El ATP 500 de Barcelona fue testigo de una de las finales de partido más inusuales y polémicas de la temporada. El argentino Tomás Etcheverry, que llegaba con la moral alta tras su victoria en Río de Janeiro y una sólida actuación en Montecarlo, se despidió del torneo a manos del portugués Nuno Borges en un encuentro que se definió por la mínima en el tie-break del segundo set. Sin embargo, no fue la calidad del juego lo que acaparó la atención, sino la forma en que Borges selló su victoria: un ace ejecutado con un saque desde abajo que dejó a Etcheverry sin opciones y desató una ola de controversia.
Etcheverry, actualmente número 29 del ranking mundial, había demostrado un gran nivel de tenis en las últimas semanas. Su título en Río de Janeiro fue un punto de inflexión en su carrera, consolidándolo como uno de los jugadores argentinos más prometedores del circuito. Su paso por Montecarlo, donde alcanzó los octavos de final, también fue una señal de su buen estado de forma. En Barcelona, superó con solidez su debut ante Jack Draper, pero se encontró con un Borges decidido a complicarle las cosas.
El partido comenzó de manera igualada, con ambos jugadores mostrando un buen nivel de juego. Sin embargo, Borges logró romper el servicio de Etcheverry en el octavo juego del primer set, llevándose el parcial por 6-3. En el segundo set, Etcheverry reaccionó y logró igualar el marcador, pero el tie-break se presentaba como un desafío crucial.
El tie-break fue un auténtico duelo de nervios. Etcheverry llegó a tomar una pequeña ventaja de 3-1, pero Borges respondió con determinación, ganando seis puntos consecutivos. Etcheverry tuvo la oportunidad de salvar el match point con un passing shot ganador, pero en la segunda oportunidad, Borges recurrió a una estrategia inesperada: el saque desde abajo.

El saque desde abajo, aunque legal dentro de las reglas del tenis, es considerado por muchos como una táctica poco ortodoxa y, en algunos casos, incluso antideportiva. Su efectividad radica en la sorpresa y en la dificultad que genera para el receptor, que no está acostumbrado a anticipar un saque de estas características. En el caso de Etcheverry, el saque de Borges lo pilló completamente desprevenido, impidiéndole reaccionar a tiempo y sellando la victoria del portugués con un ace.

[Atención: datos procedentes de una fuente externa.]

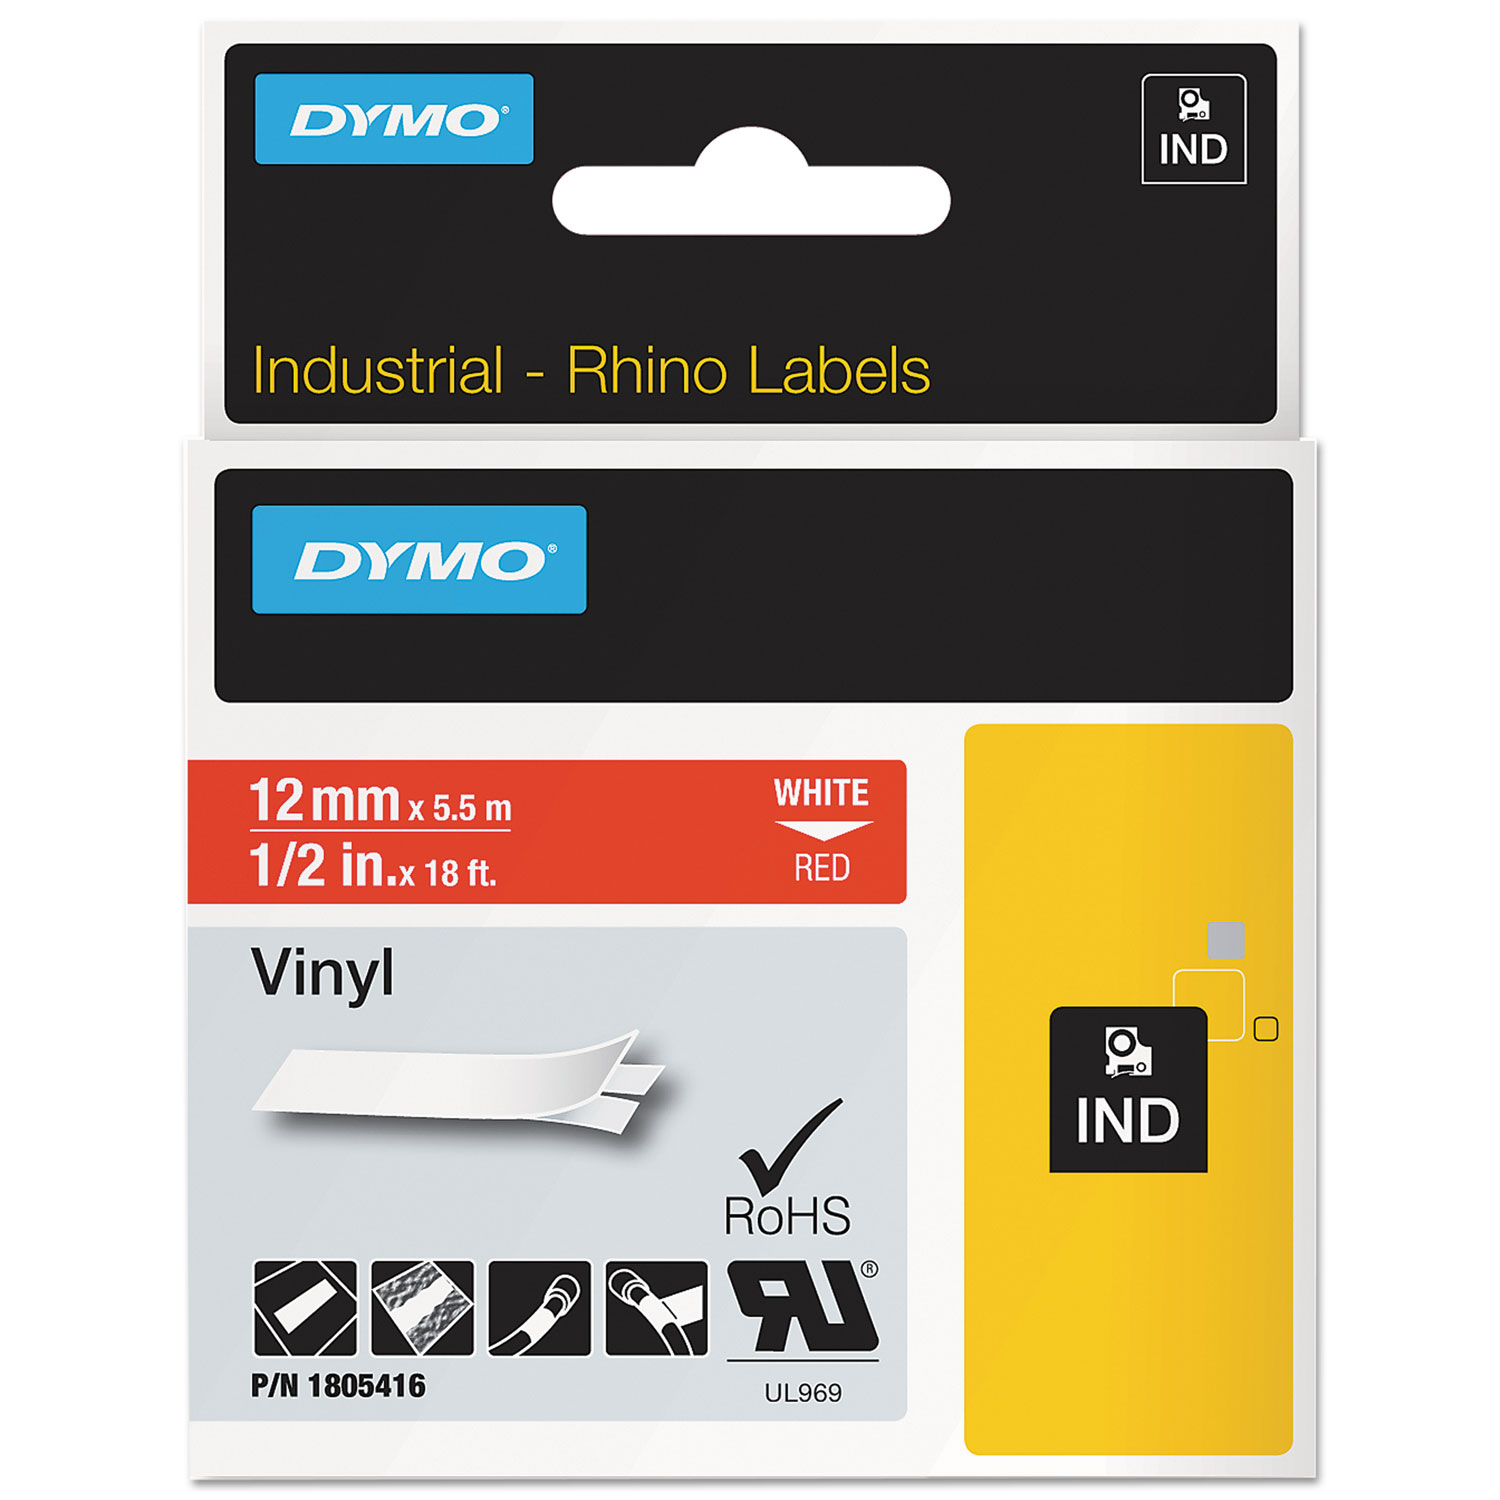  DYMO 1805416 Rhino Permanent Vinyl Industrial Label Tape, 0.5 x 18 ft, Red/White Print (DYM1805416)

La reacción de Etcheverry al final del partido fue evidente. Su gesto de fastidio reflejaba su frustración por la forma en que se había decidido el encuentro. Algunos espectadores también mostraron su descontento con silbidos, mientras que otros defendieron la legalidad de la táctica empleada por Borges.
Este incidente ha reabierto el debate sobre los límites de la estrategia en el tenis y sobre la importancia del espíritu deportivo. Si bien es cierto que los jugadores están autorizados a utilizar cualquier táctica legal para ganar, también es importante considerar el impacto que estas tácticas pueden tener en la imagen del deporte y en la experiencia de los espectadores.
El kazajo Alexander Bublik es conocido por su frecuente uso del saque desde abajo, llegando incluso a ejecutarlo seis veces en un mismo game. Su estilo impredecible y su creatividad en la cancha lo han convertido en un jugador popular entre los aficionados, pero también ha generado críticas por parte de algunos puristas del tenis.
El caso de Borges y Etcheverry en Barcelona demuestra que el saque desde abajo sigue siendo una táctica controvertida en el tenis profesional. Su legalidad no está en discusión, pero su ética sí lo está. La decisión de utilizarlo o no depende de cada jugador, pero es importante tener en cuenta las posibles consecuencias y el impacto que puede tener en la percepción del juego.